Autoregressive Image Generation without Vector Quantization

Annotated Paper Link: Google Drive Link

These are notes for Li et al. (2024).

This paper introduces the usage of ARMs for image generation using continous representations (no quantization as in VQ-VAE) by using a diffusion model to model \(p(x_i|z_i)\). The ARM is used to model \(p(z_i|z_{<i})\).

Method

First of all, generative models don’t require a categorical probability distribution, \(p(x|z)\).
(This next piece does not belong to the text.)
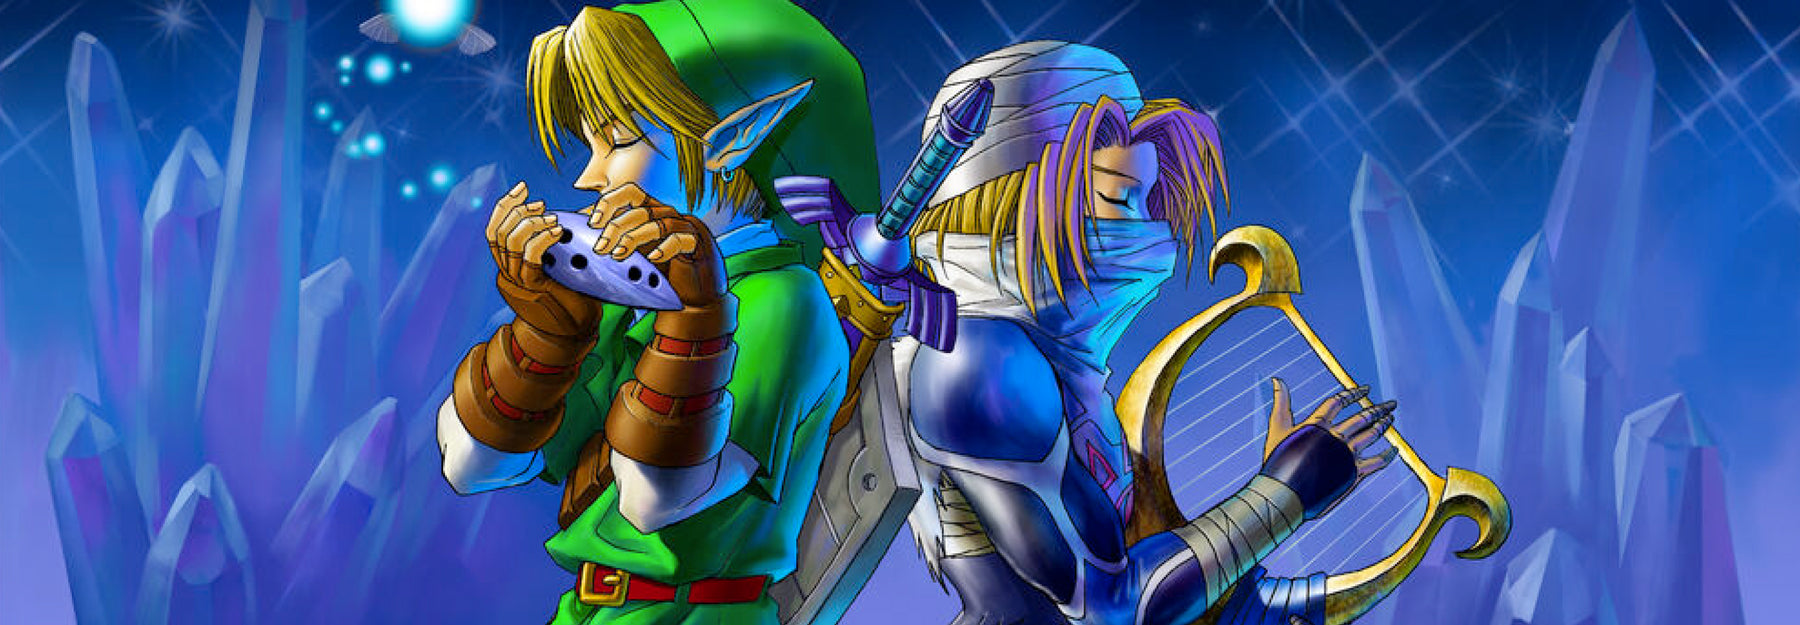 Harmony of Hyrule: A Symphonic Ode to Time - The Music of The Legend of Zelda: Ocarina of Time

Instead the distribution must have two properties: (1) it need to have a loss function that measure the difference between the estimated distribution and the true distribution, and (2) a sampler that can sample from the distribution \(x \sim p(x|z)\).

For diffusion, the loss can be defined as

\[ L(z, x) = \mathbb{E}_{\epsilon, t} \left[ \| \epsilon - \epsilon_\theta(x_t | z_t, t) \|^2 \right] \]

Sampling is done via reverse diffusion process.

We first produce \(z_i\) by a network \(f(x_1, \ldots, x_{i-1})\) and then sample \(x_i\) from \(p(x_i|z_i)\). \(f\) is an ARM. The difussion loss is applied on \(p(x_i|z_i)\) and backpropagated to the ARM.